## Work instructions
Every line from the one with "3 Antique Chinese/Sumatran Textiles" up to and including the one with "Cole Haan - Black" is to be output exactly as it appears below; pictures are not.

## Raw data
- - -

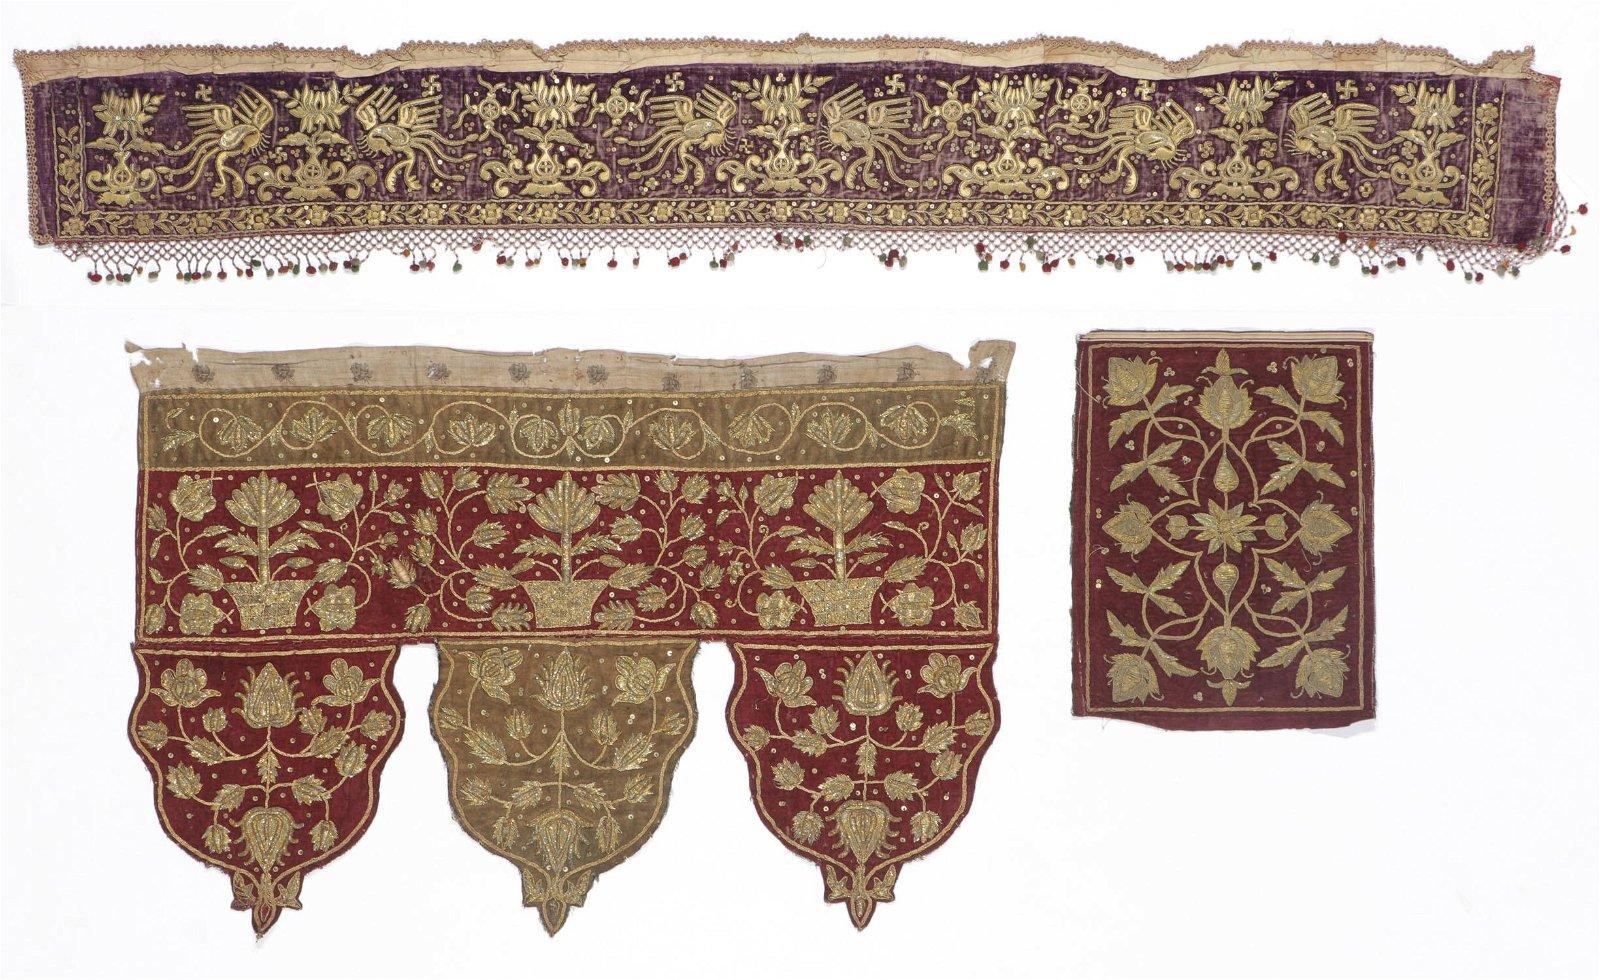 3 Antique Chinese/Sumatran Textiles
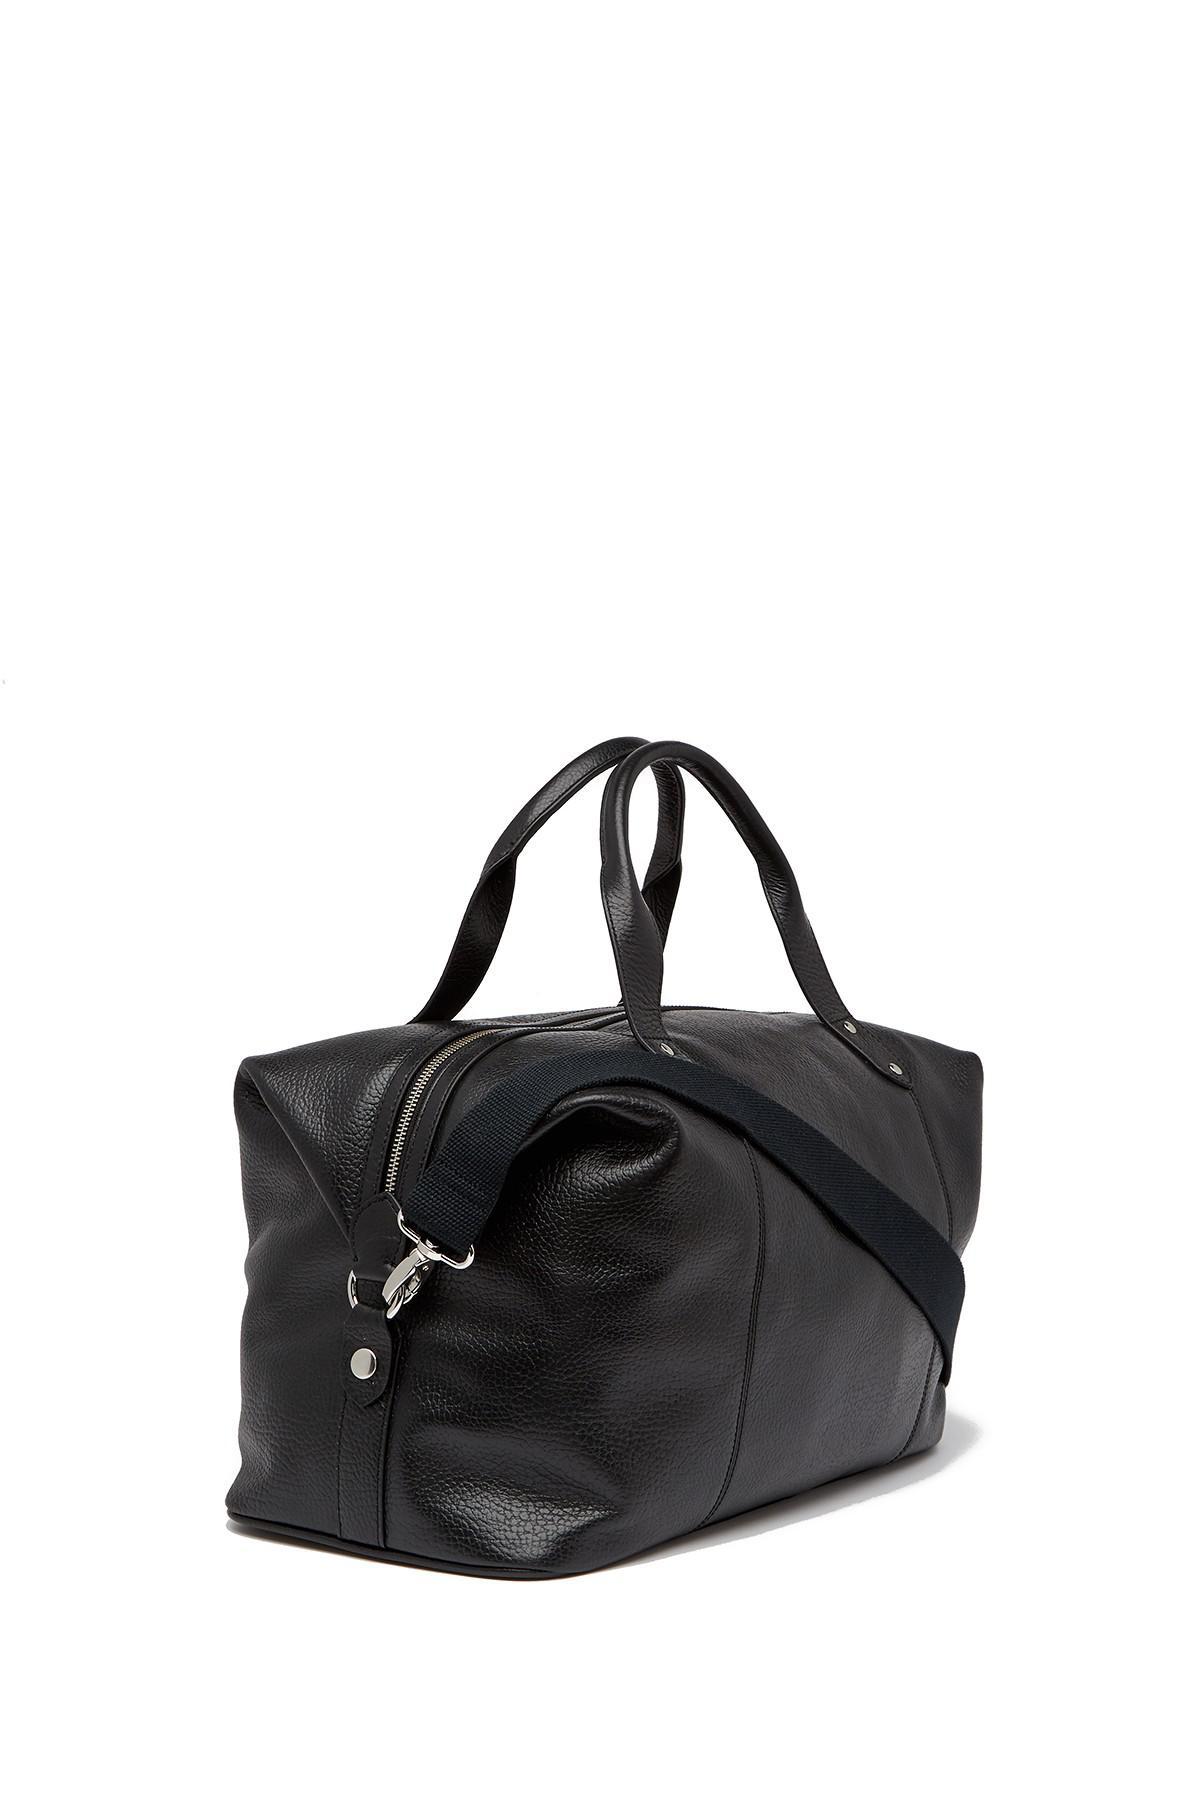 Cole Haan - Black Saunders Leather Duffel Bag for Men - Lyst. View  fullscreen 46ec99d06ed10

- - -

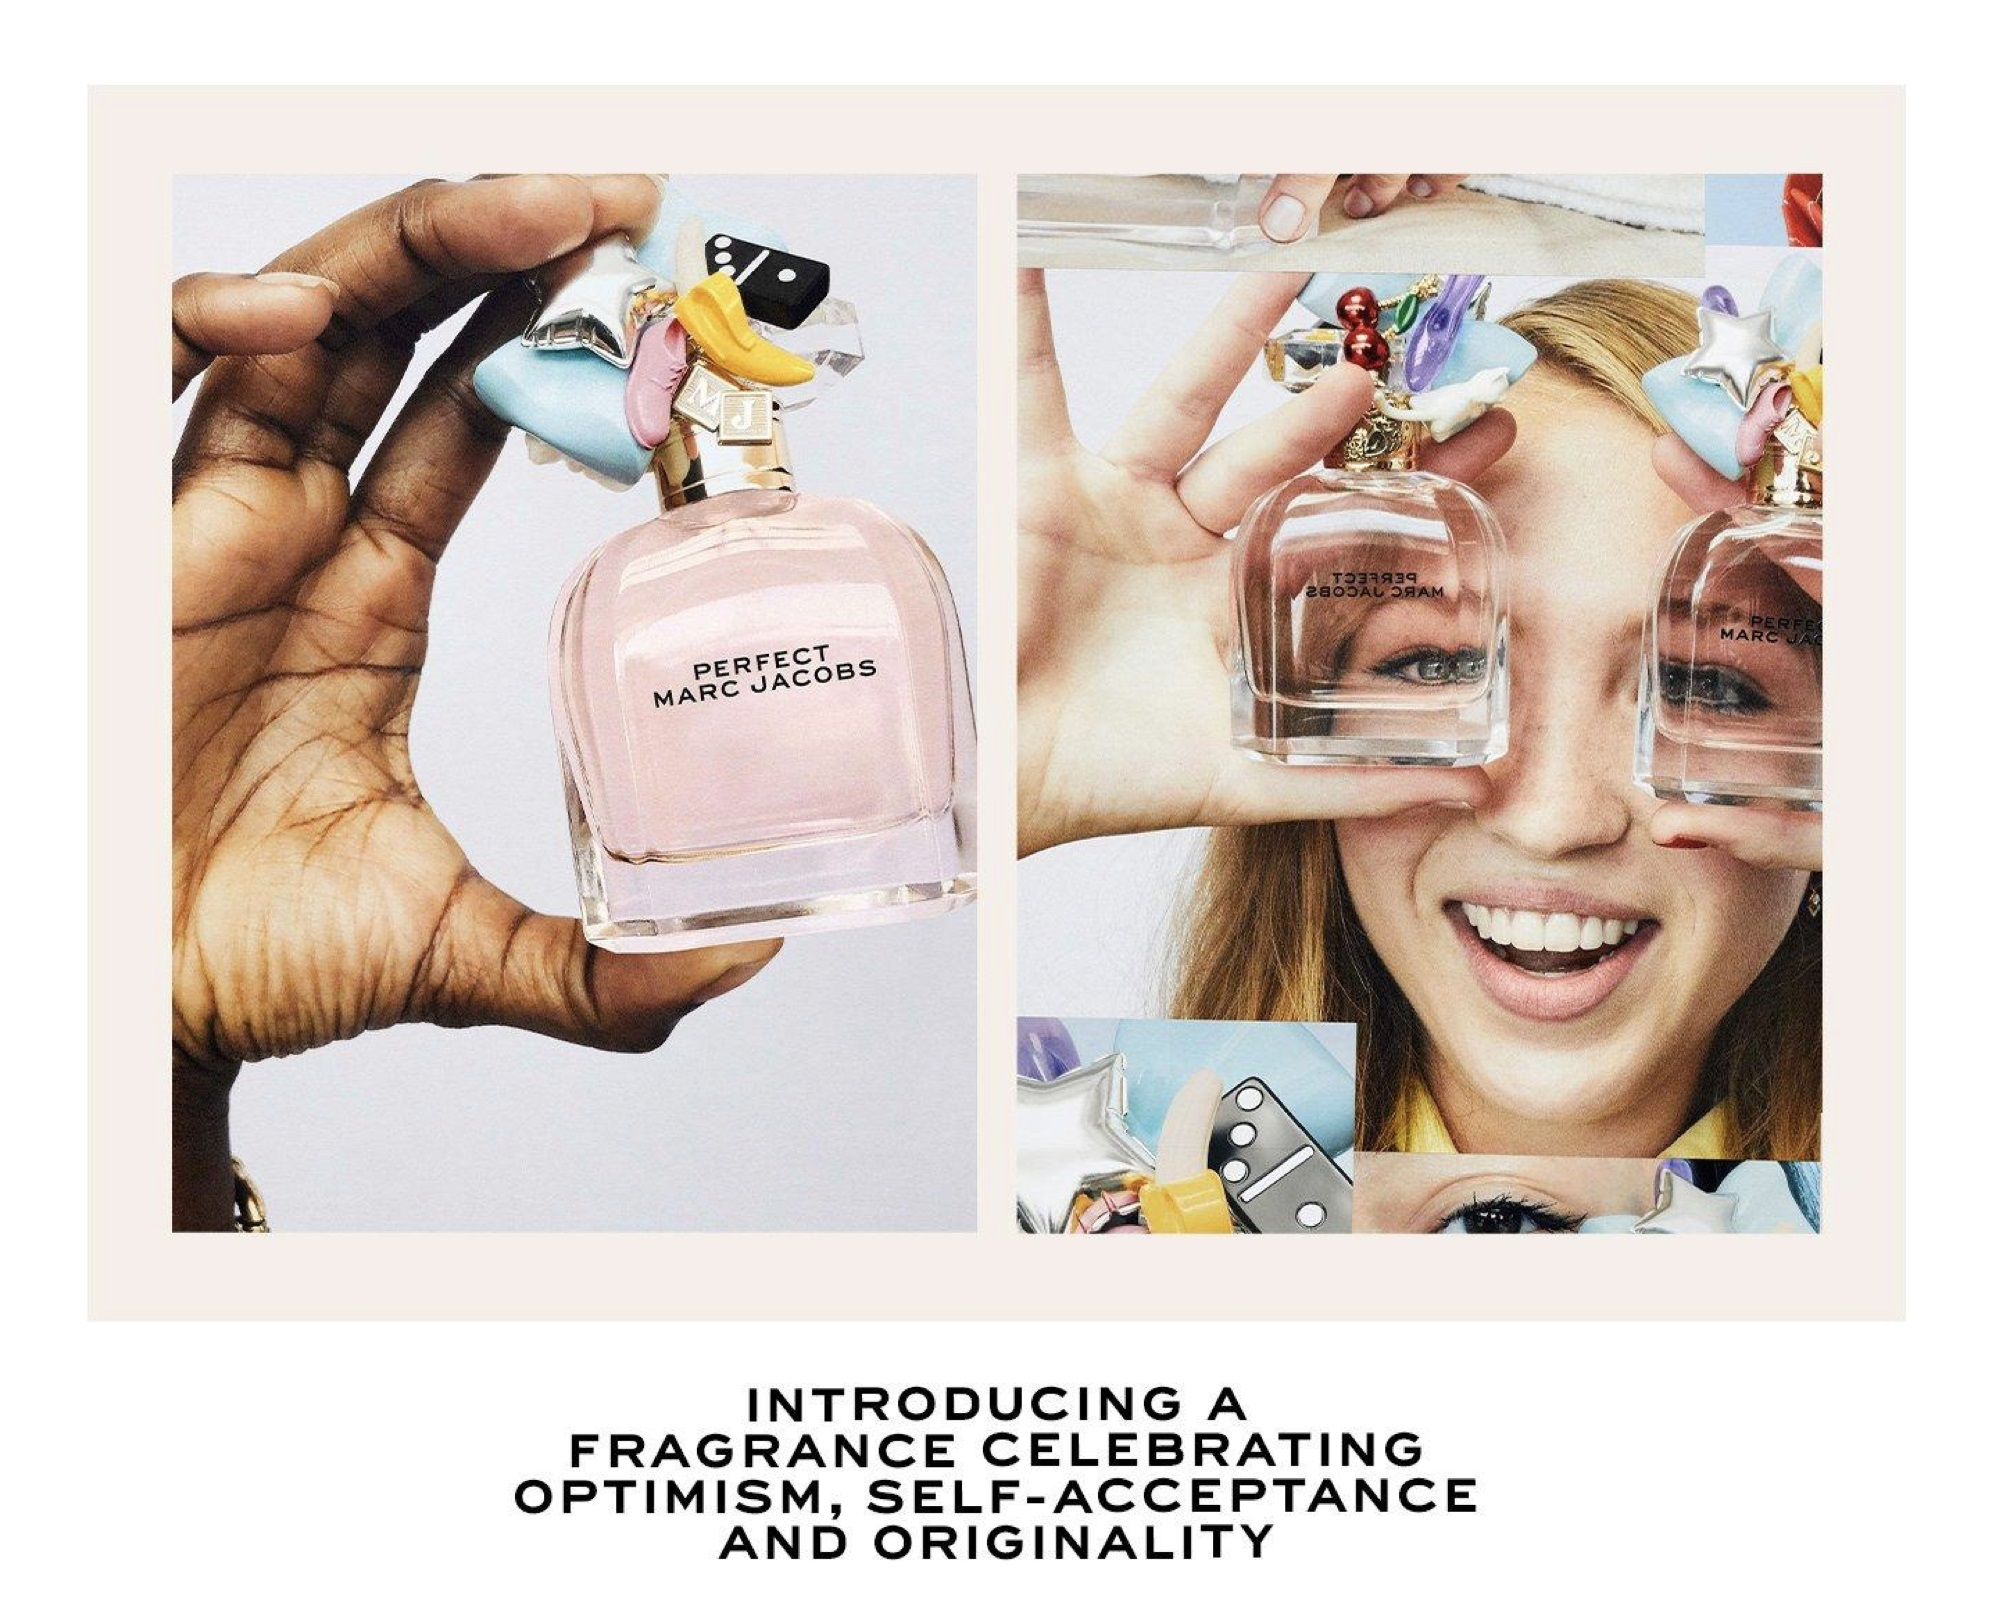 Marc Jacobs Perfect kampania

- - -

## Task output
 3 Antique Chinese/Sumatran Textiles
 Cole Haan - Black Saunders Leather Duffel Bag for Men - Lyst. View  fullscreen 46ec99d06ed10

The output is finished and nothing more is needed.